This website is no longer maintained. Its content may be obsolete. Please visit http://home.cern for current CERN information.
One dream of CERN’s founders, to achieve European eminence in ‘big’ science, was realised in 1984, when Carlo Rubbia and Simon Van der Meer received the Nobel Prize in physics for “their decisive contributions to the large project which led to the discovery of the field particles W and Z, communicators of the weak interaction.” The project was a magnificently executed scheme to collide protons and antiprotons in the existing Super Proton Synchrotron. The experimental results confirmed the unification of weak and electromagnetic forces, the electroweak theory of the Standard Model.
Less than a decade later, Georges Charpak, a CERN physicist since 1959, received the 1992 physics Nobel for “his invention and development of particle detectors, in particular the multiwire proportional chamber, a breakthrough in the technique for exploring the innermost parts of matter.” Charpak’s multiwire proportional chamber, invented in 1968, and his subsequent developments launched the era of fully electronic particle detection. Charpak’s detectors are also used for biological research and could eventually replace photographic recording in applied radio-biology.
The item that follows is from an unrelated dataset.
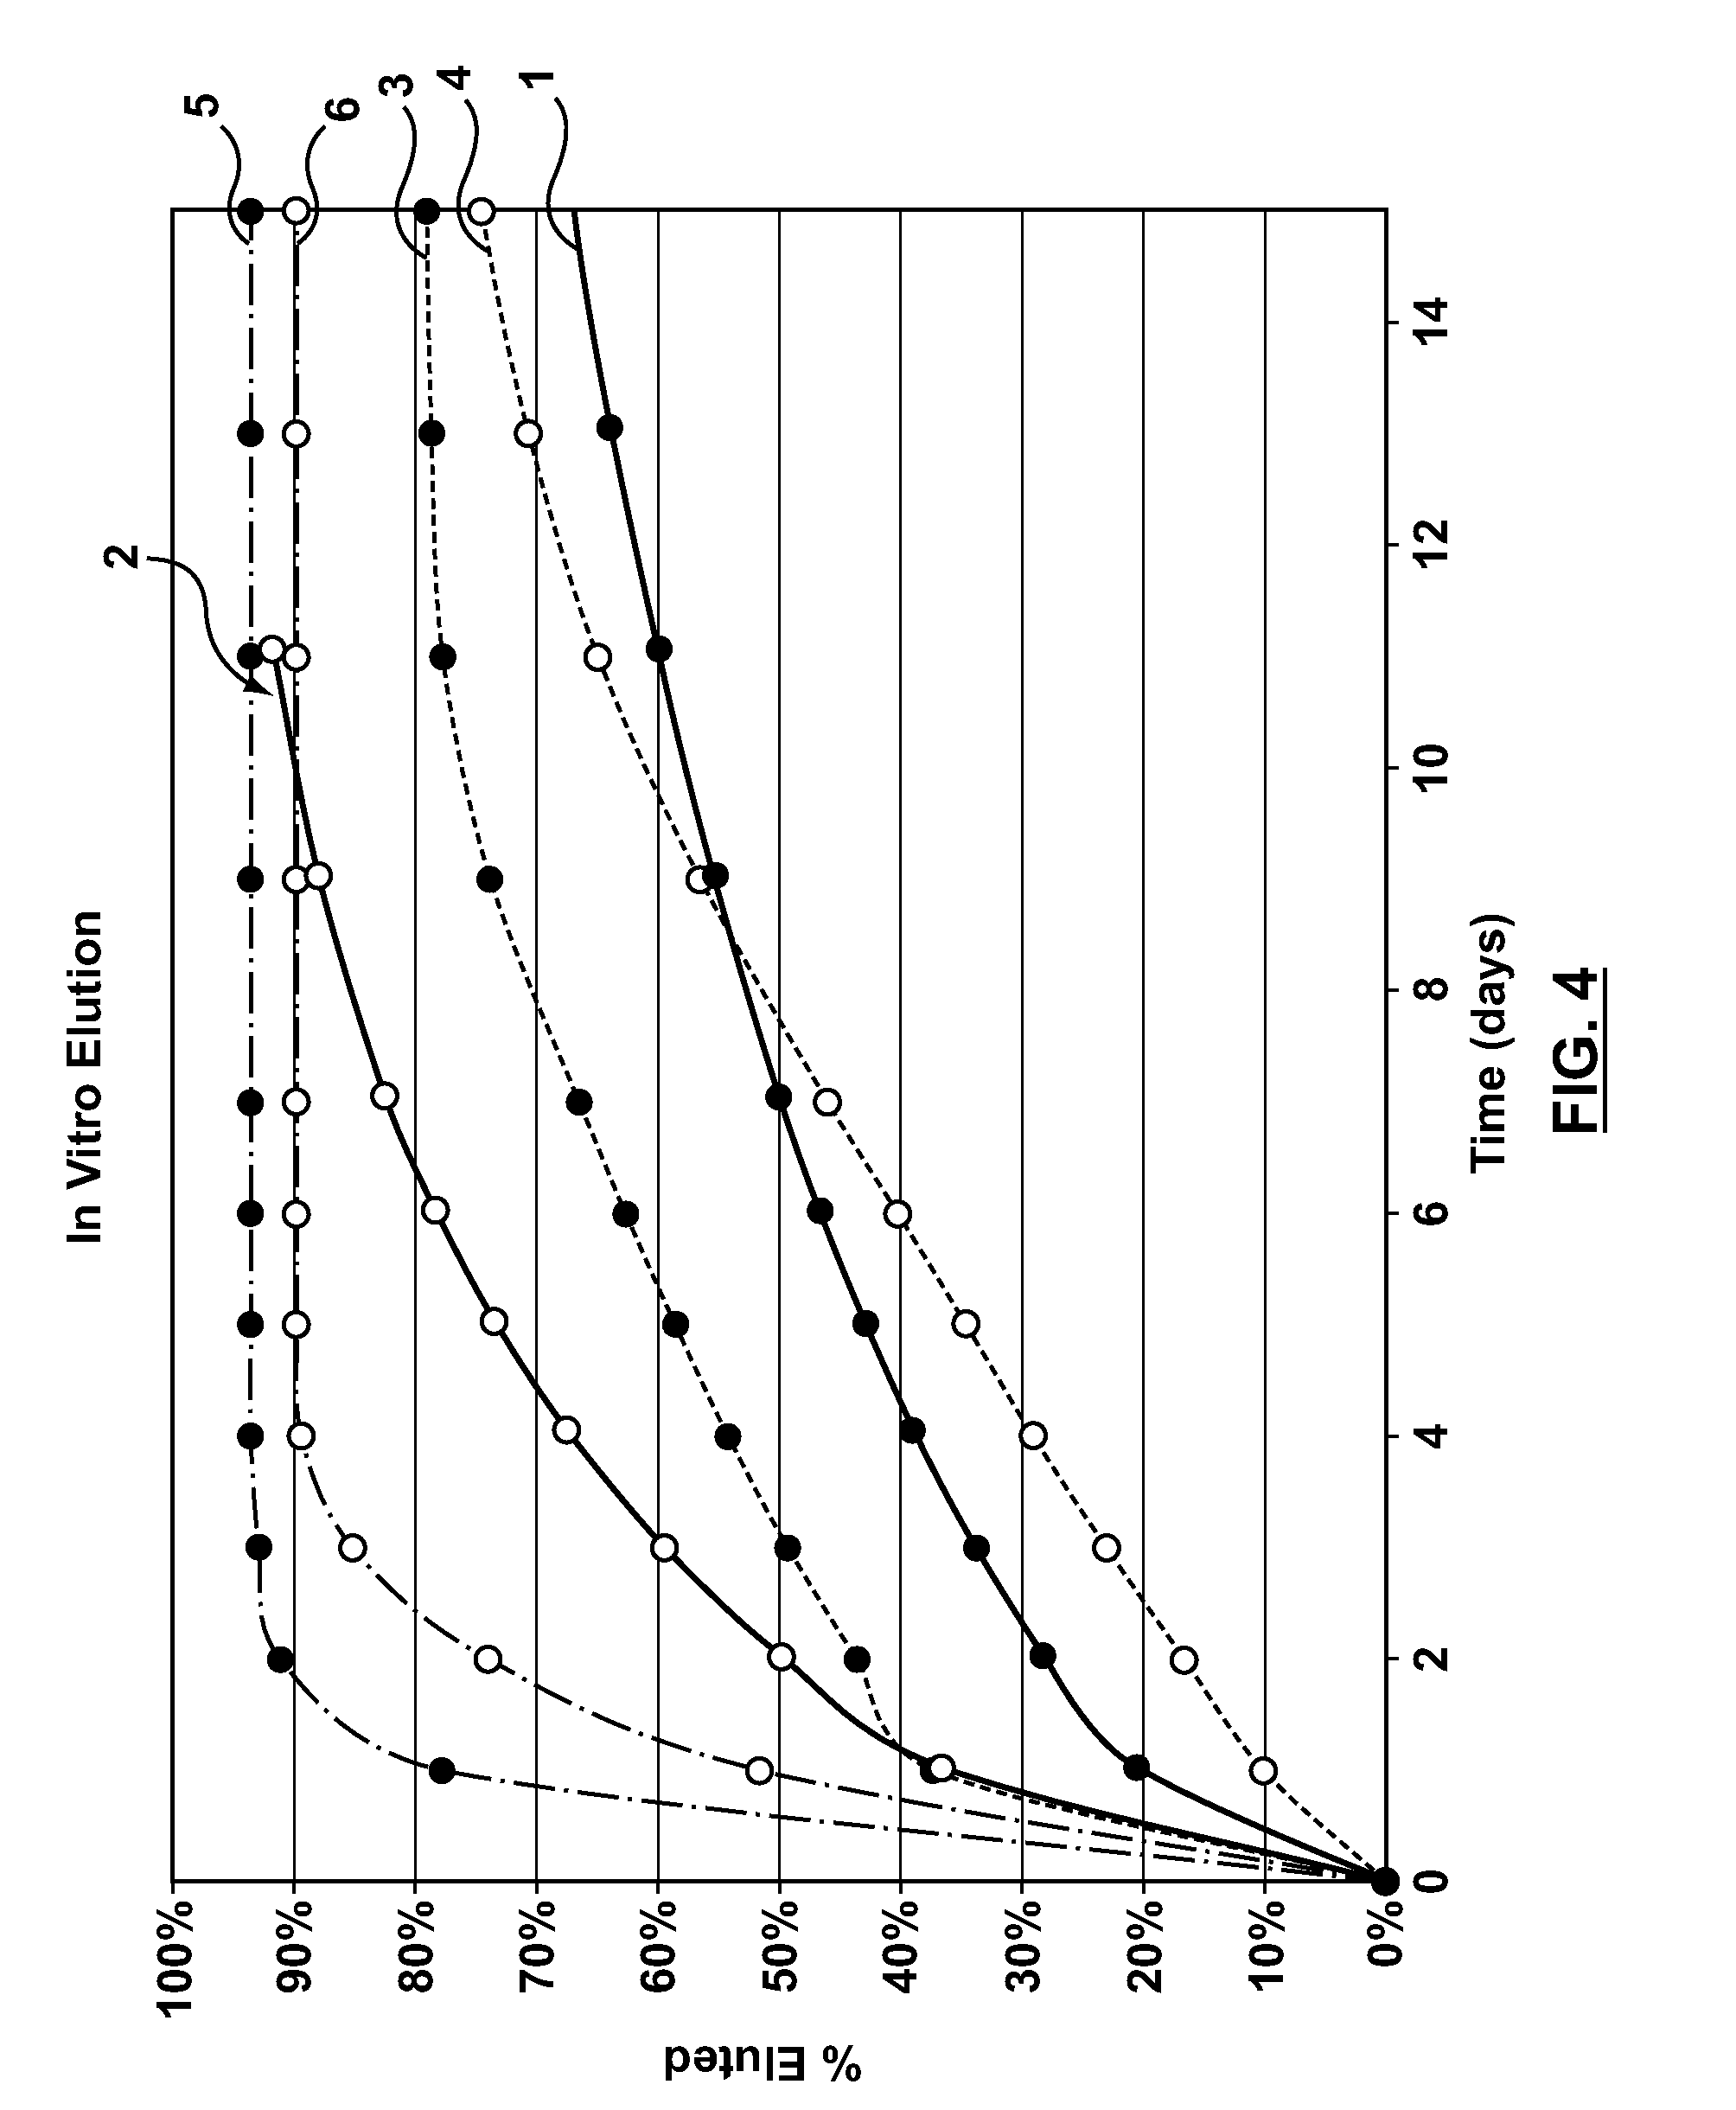 Apparatus and methods for loading a drug eluting medical device

The increased recording speeds translate into faster scanning and lower body doses in medical diagnostic tools based on radiation or particle beams.
The Laboratory not only attracts Nobel Prizes but also Nobel Laureates. Indeed the first Director-General, Felix Bloch, was awarded the 1952 Nobel prize with Edward Mills Purcell, “for their development of new methods for nuclear magnetic precision measurements and discoveries in connection therewith.”
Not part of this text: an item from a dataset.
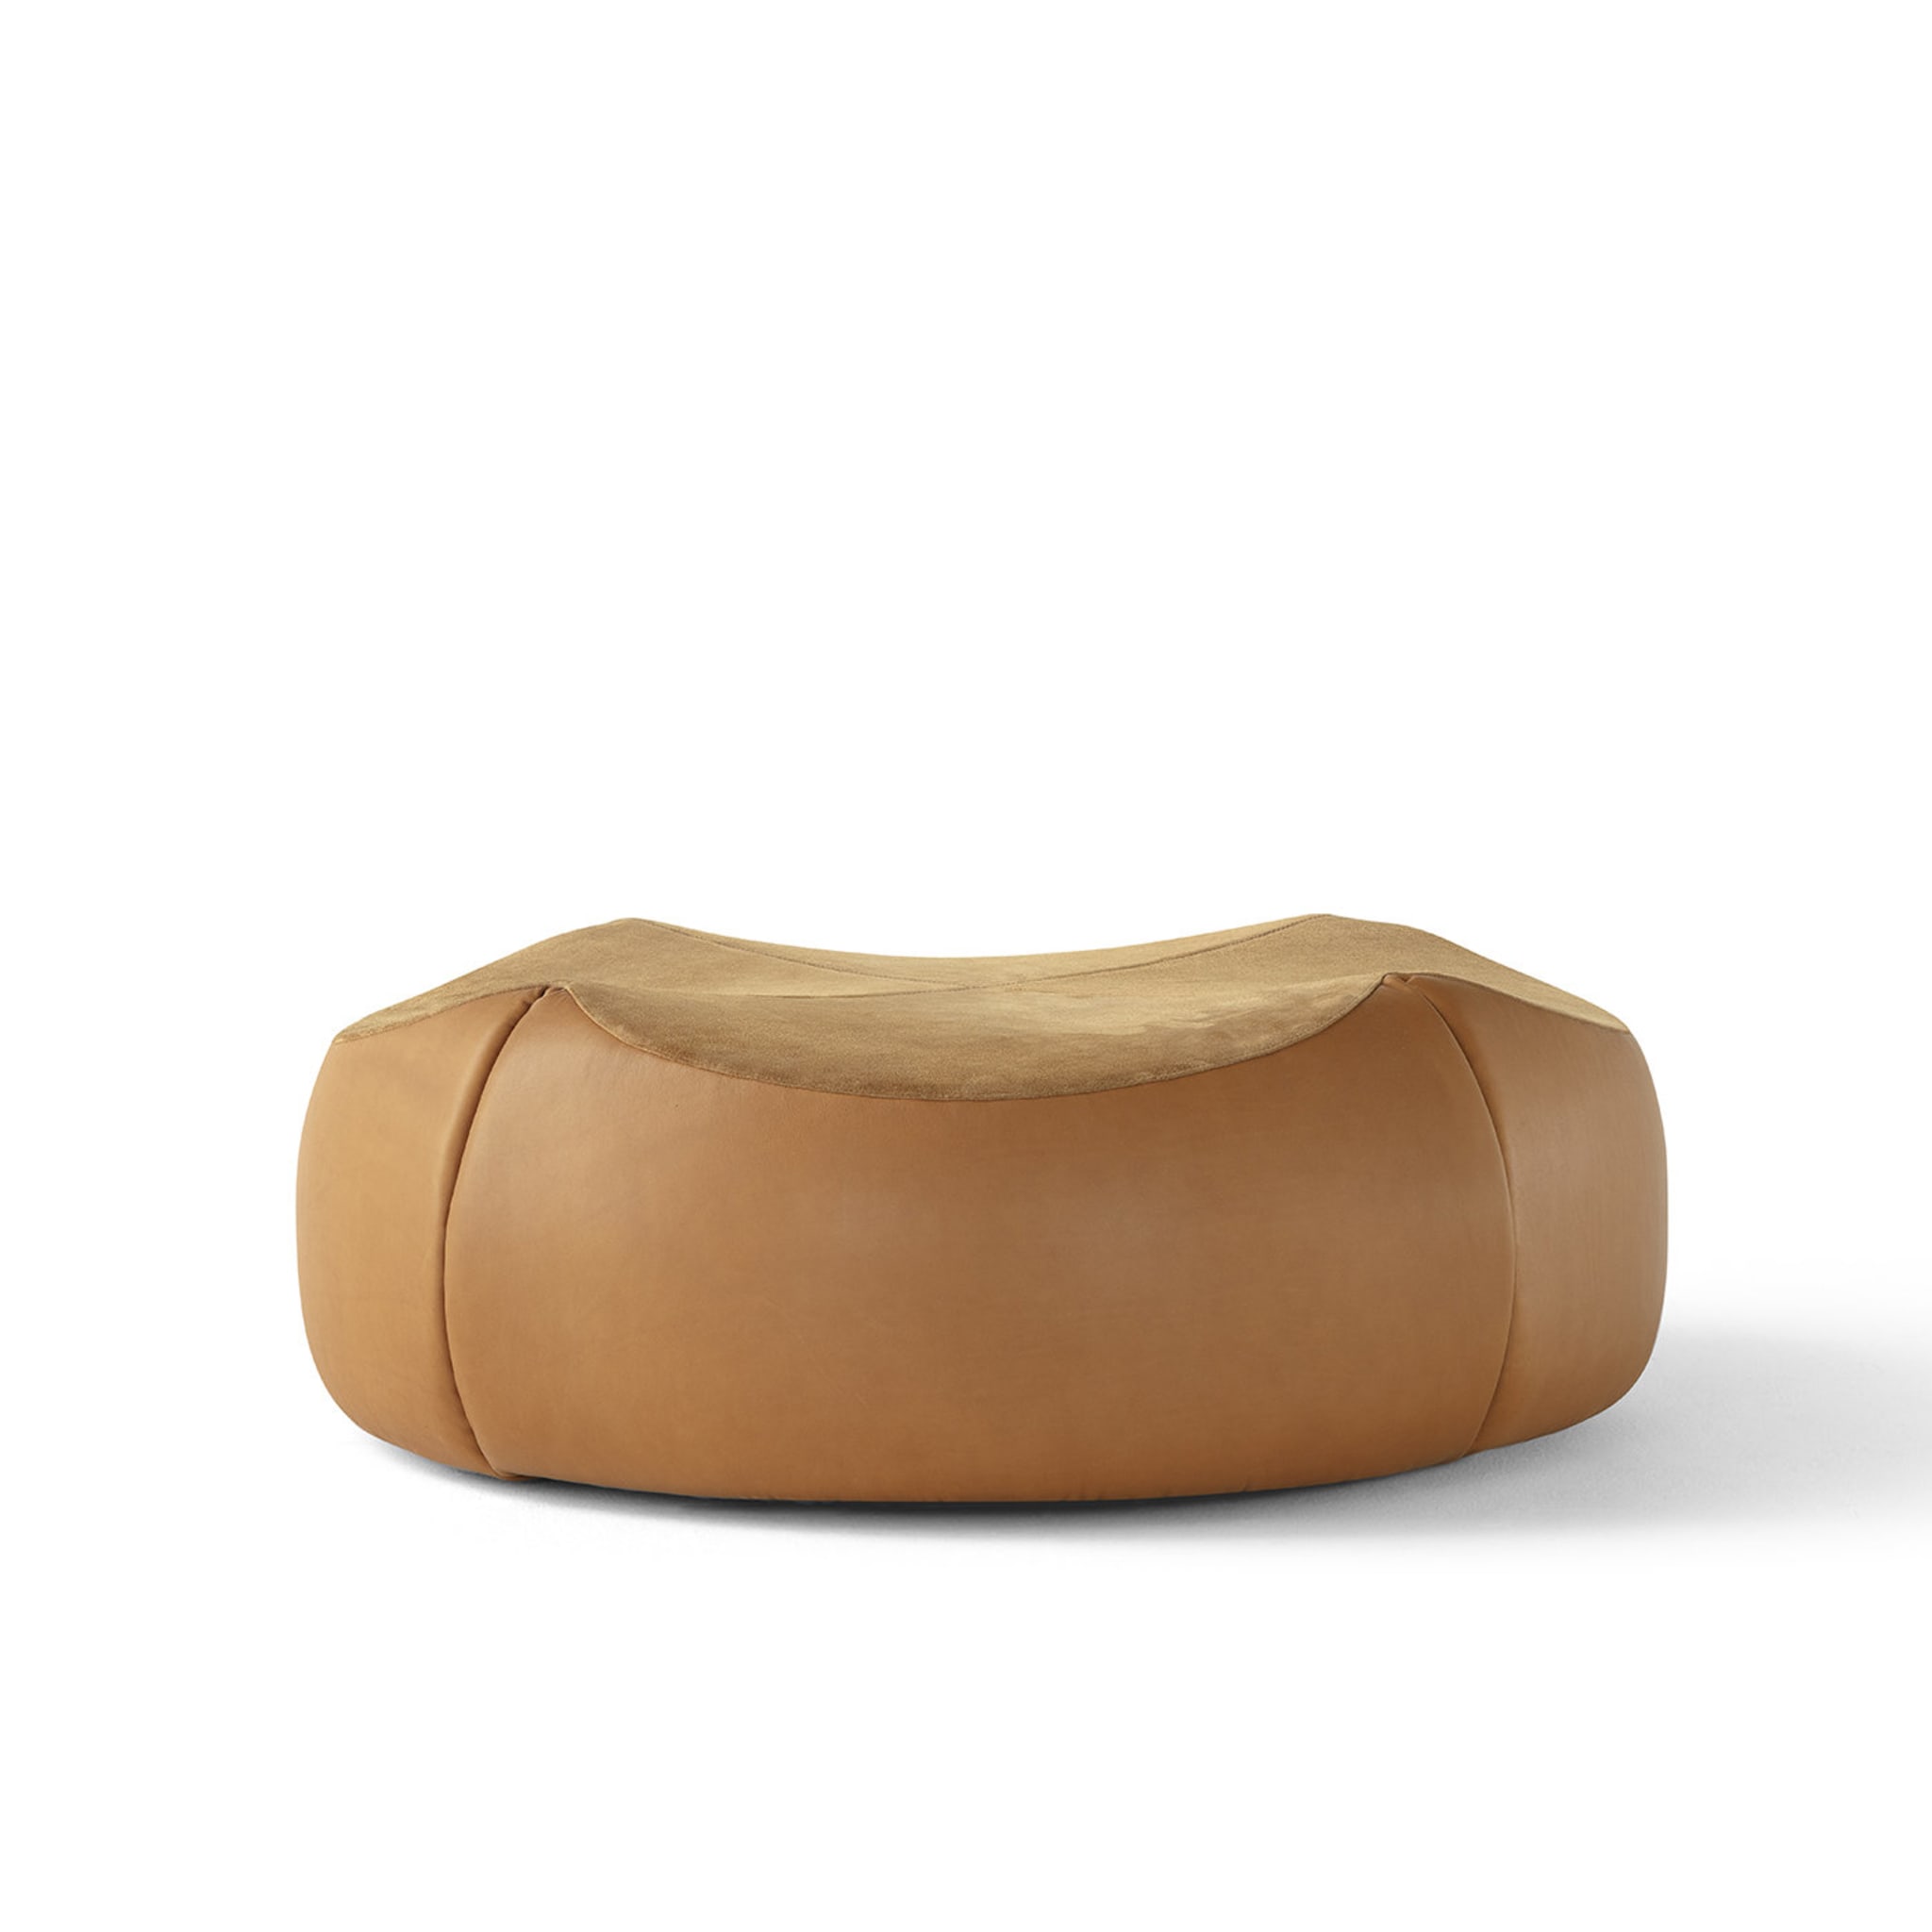 Panis Large Pouf by Anton Cristell and Emanuel Gargano - Alternative view 2

The 1976 physics Prize was awarded to the Large Electron–Positron Collider (LEP) experiment L3 spokesman Sam Ting, with Burt Richter, “for their pioneering work in the discovery of a heavy elementary particle of a new kind.” Discovered in 1974, the particle called J/ψ is a charm quark-antiquark composite.
In 1988, Jack Steinberger, a CERN physicist since the late 1960s and head of the LEP ALEPH experiment at the time, was awarded the physics Prize with Leon Lederman and Mel Schwartz, “for the neutrino beam method and the demonstration of the doublet structure of the leptons through the discovery of the muon neutrino.” The discovery, made in 1962 at the US Brookhaven National Laboratory, showed that there was more than one type of neutrino.